[TASK OBJECTIVE]
Pictures in the entries below are excluded; copy only the lines from the one containing "ingredientes para pizza" to the one containing "Bozcaada vineyard", both included.

[WORKING DATA]
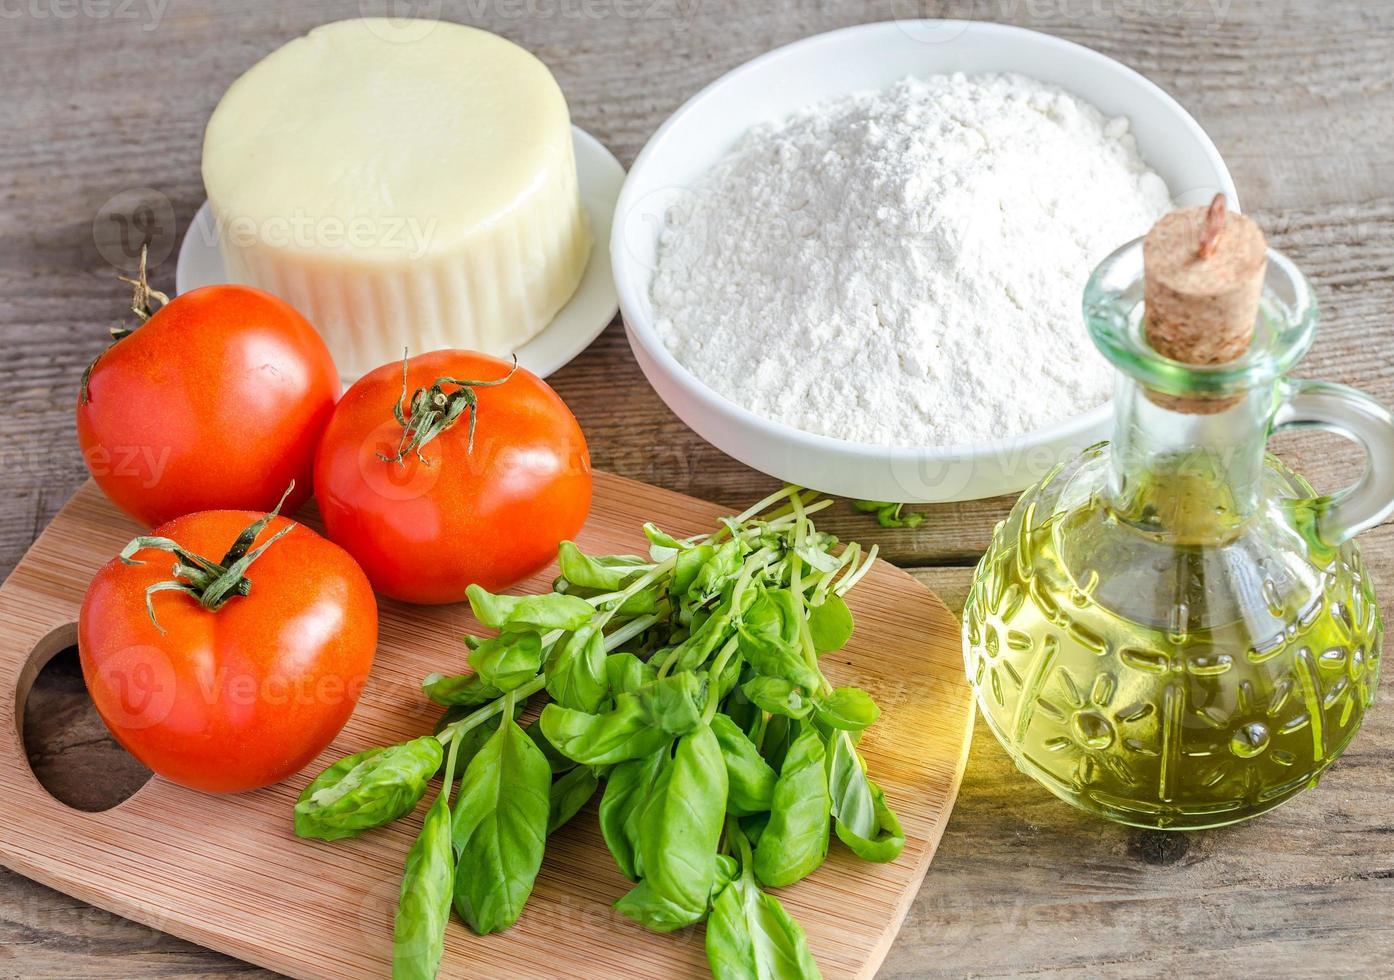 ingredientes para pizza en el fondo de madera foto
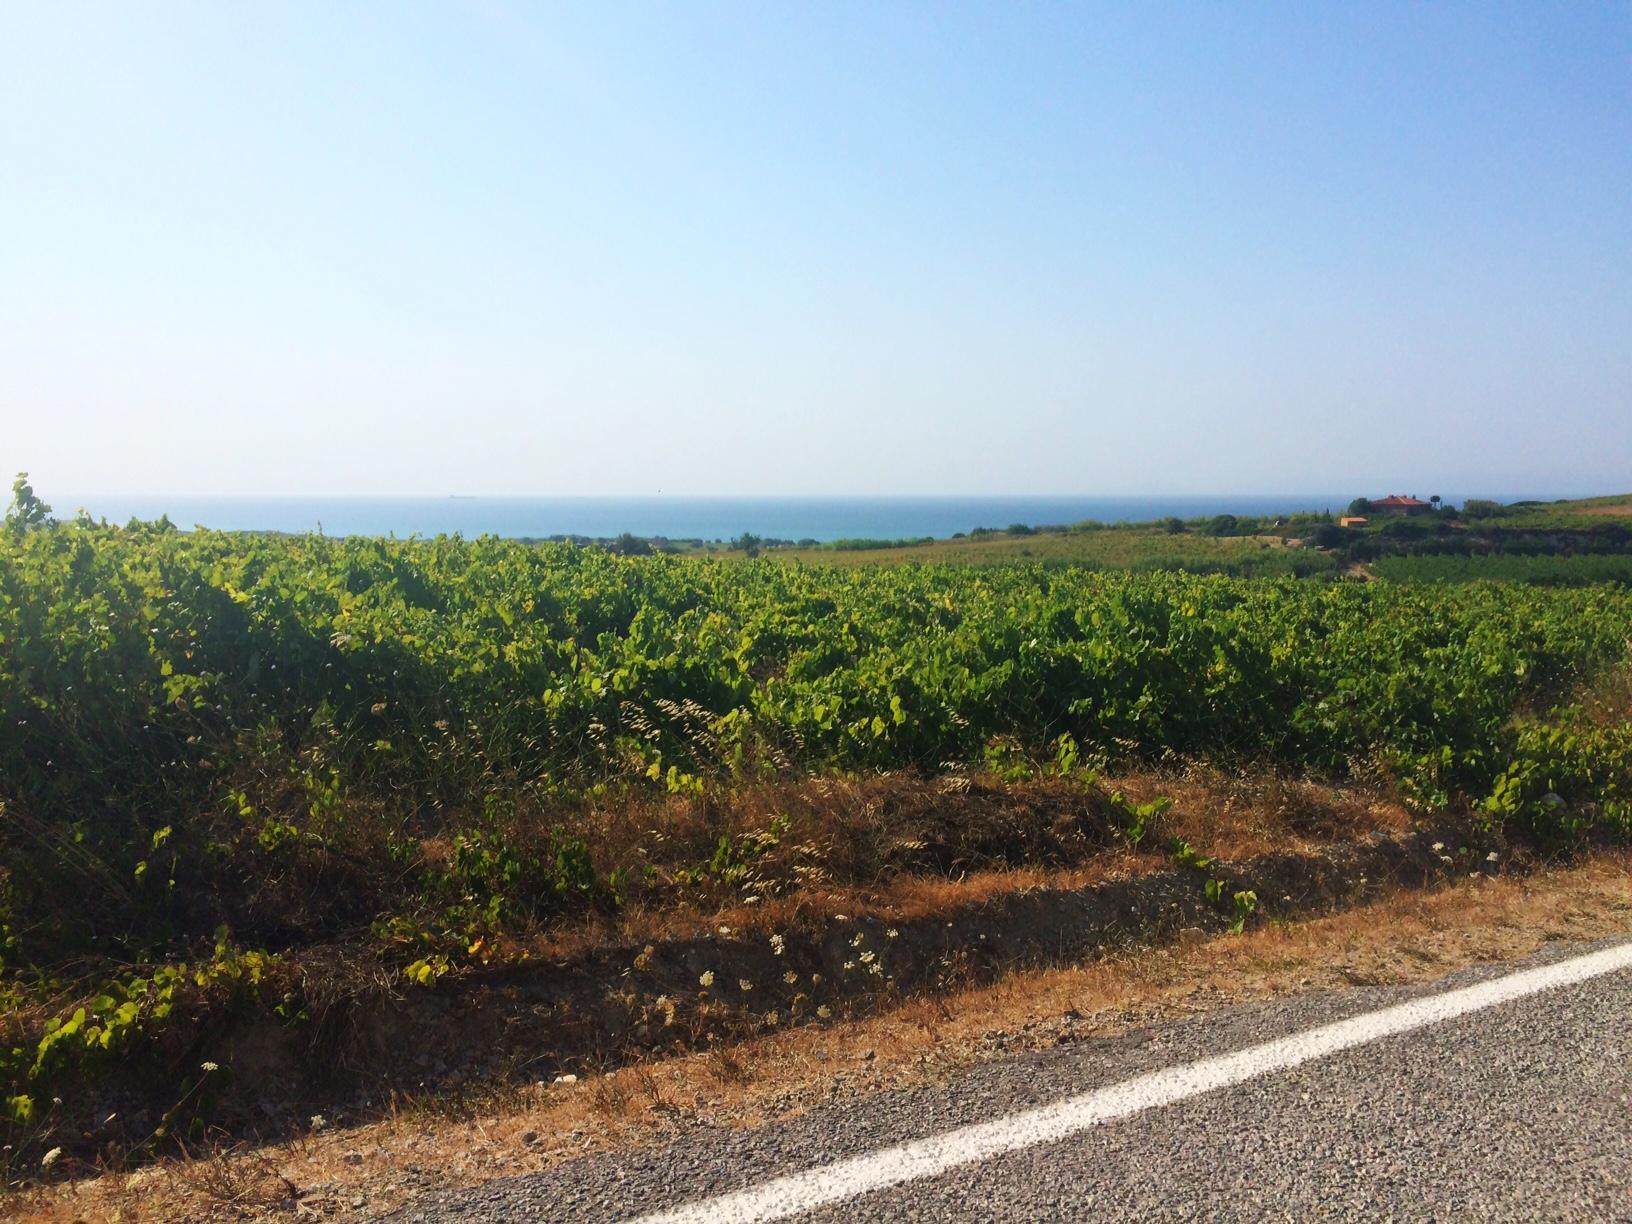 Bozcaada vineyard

...

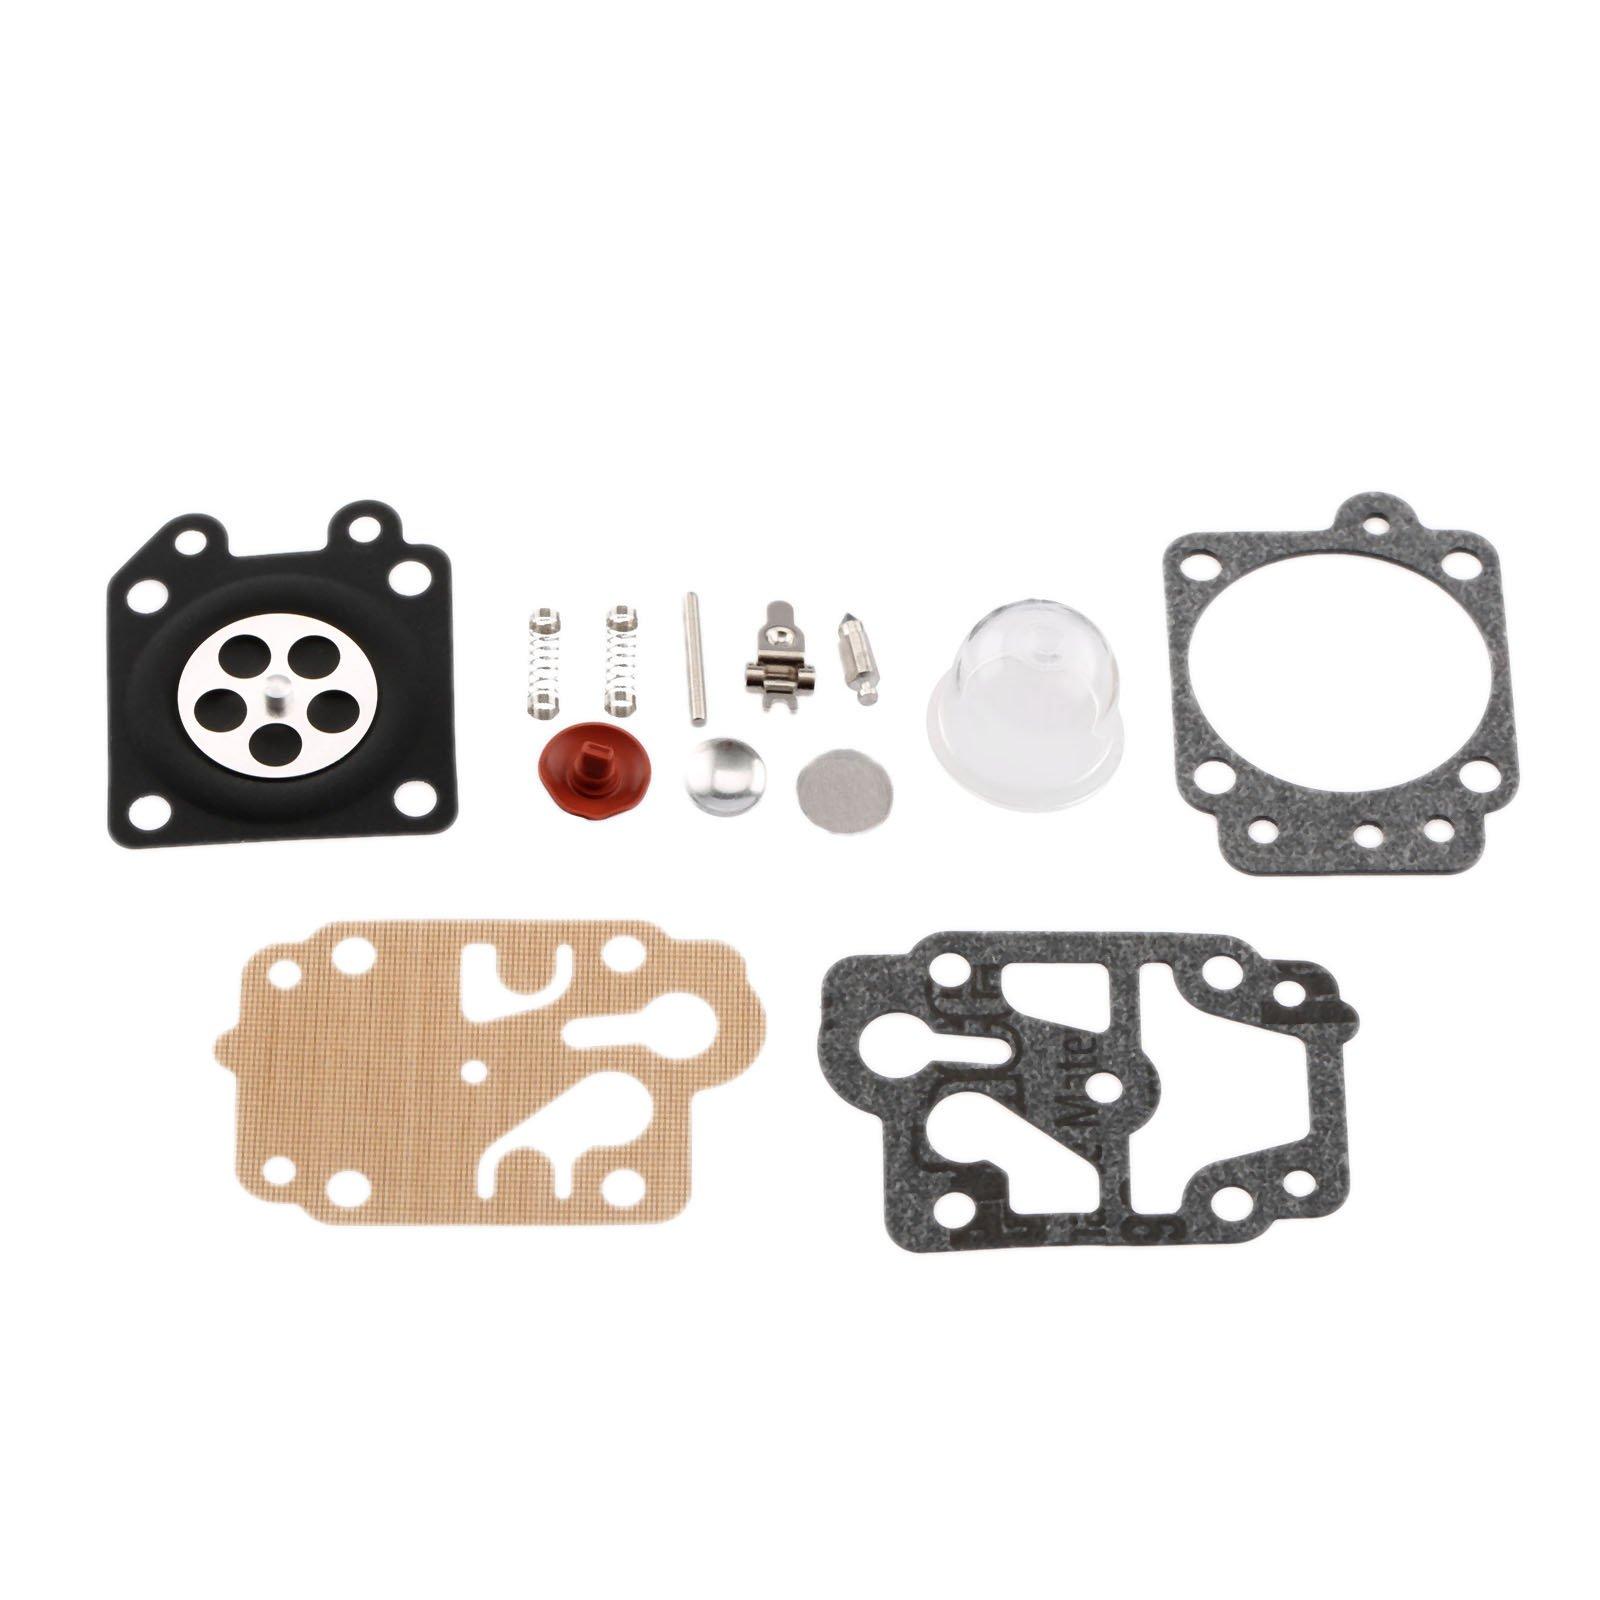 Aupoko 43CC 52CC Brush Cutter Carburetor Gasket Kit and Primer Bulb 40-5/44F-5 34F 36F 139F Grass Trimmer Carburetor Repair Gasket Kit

==

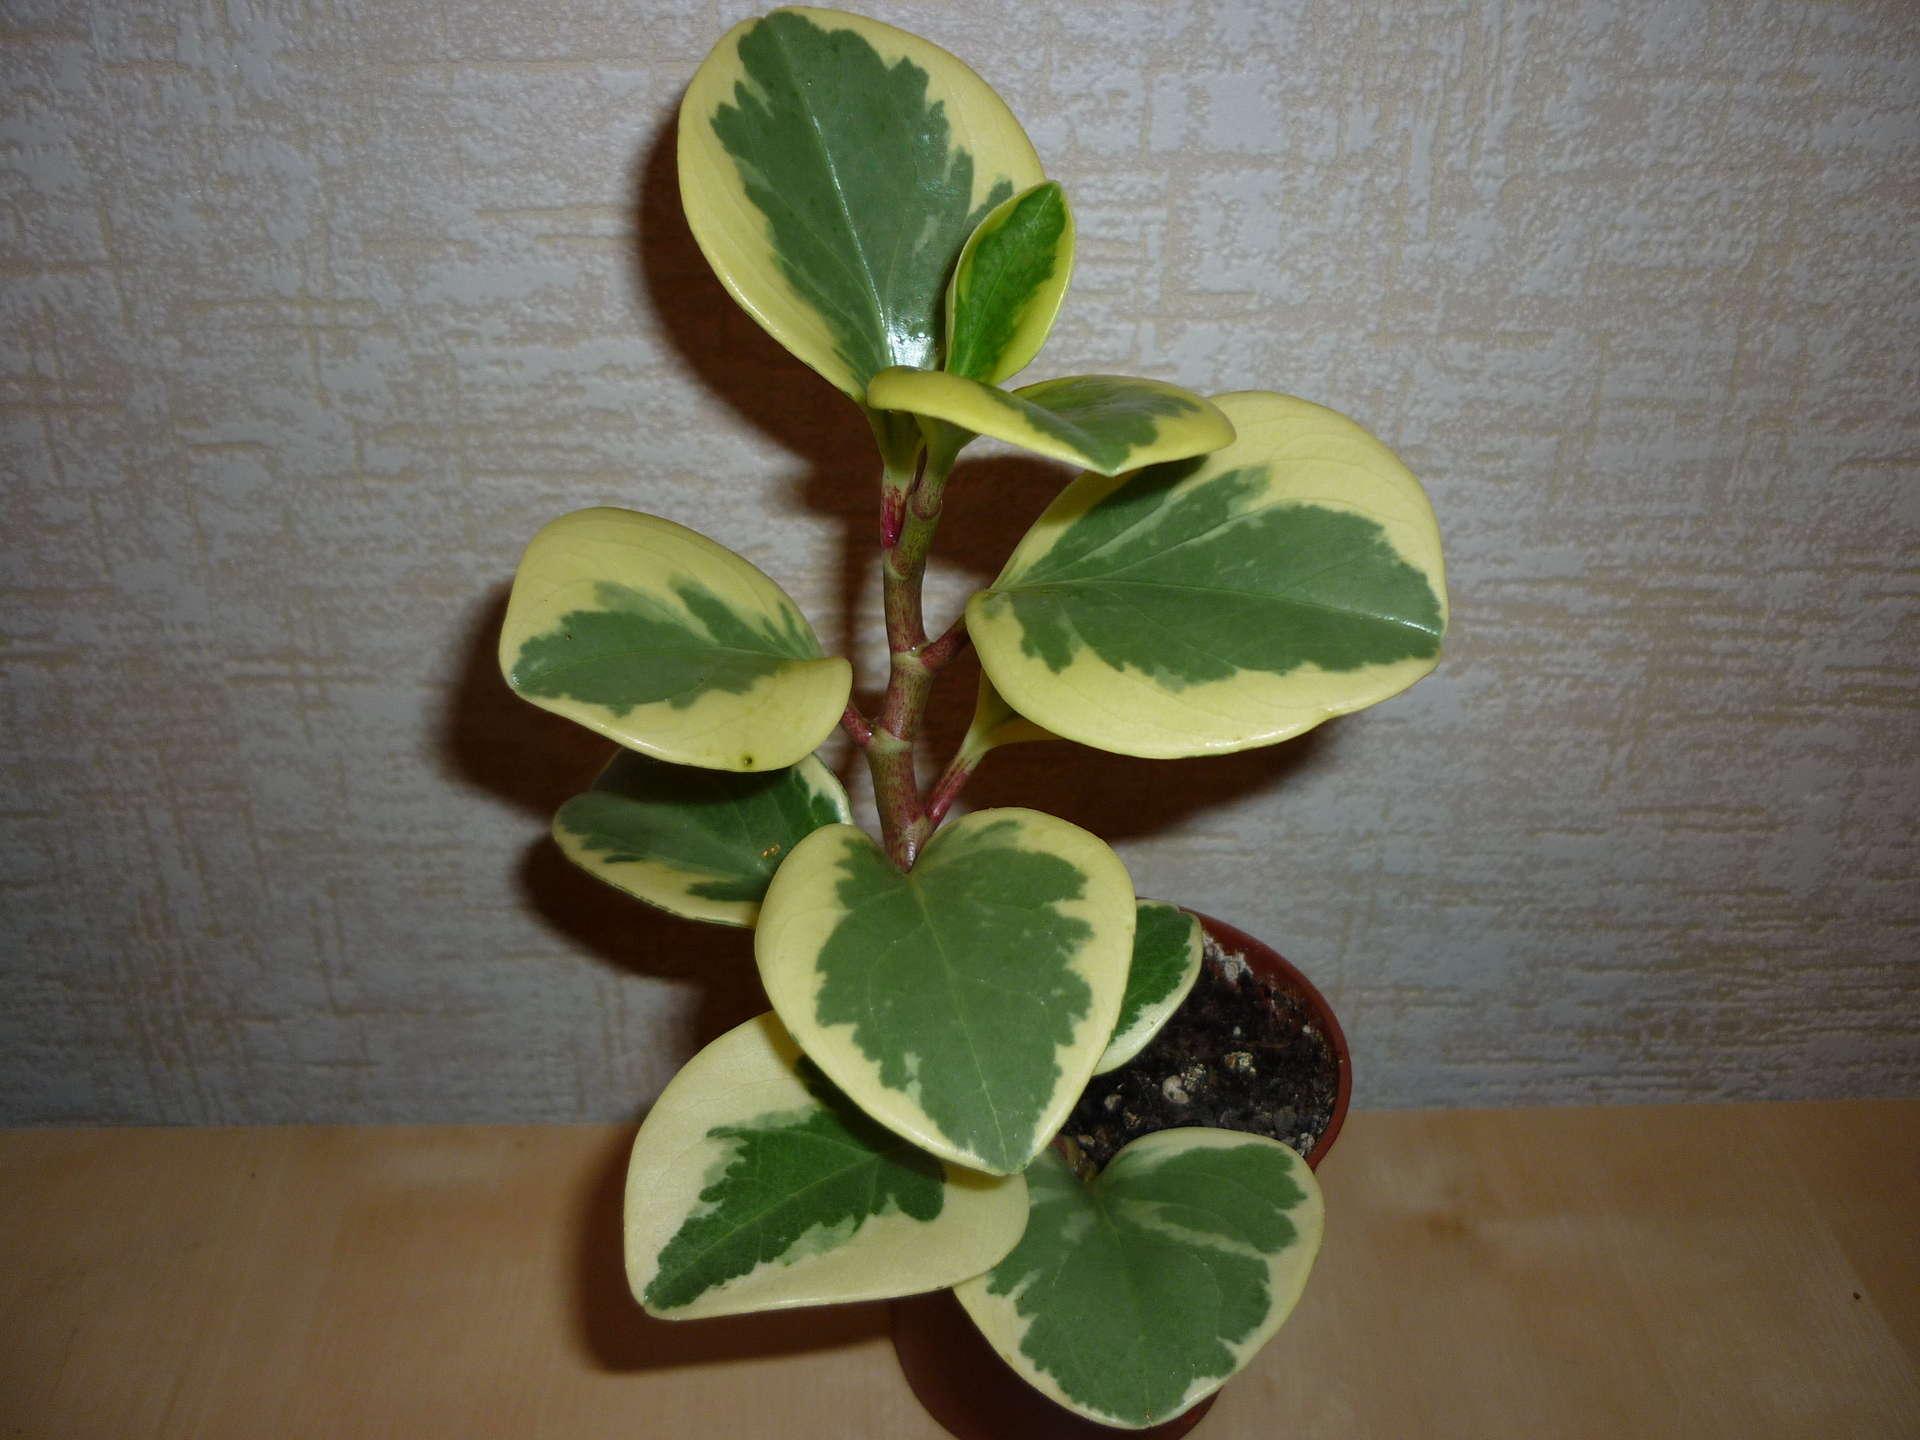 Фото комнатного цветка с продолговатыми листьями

[TASK SOLUTION]
 ingredientes para pizza en el fondo de madera foto
 Bozcaada vineyard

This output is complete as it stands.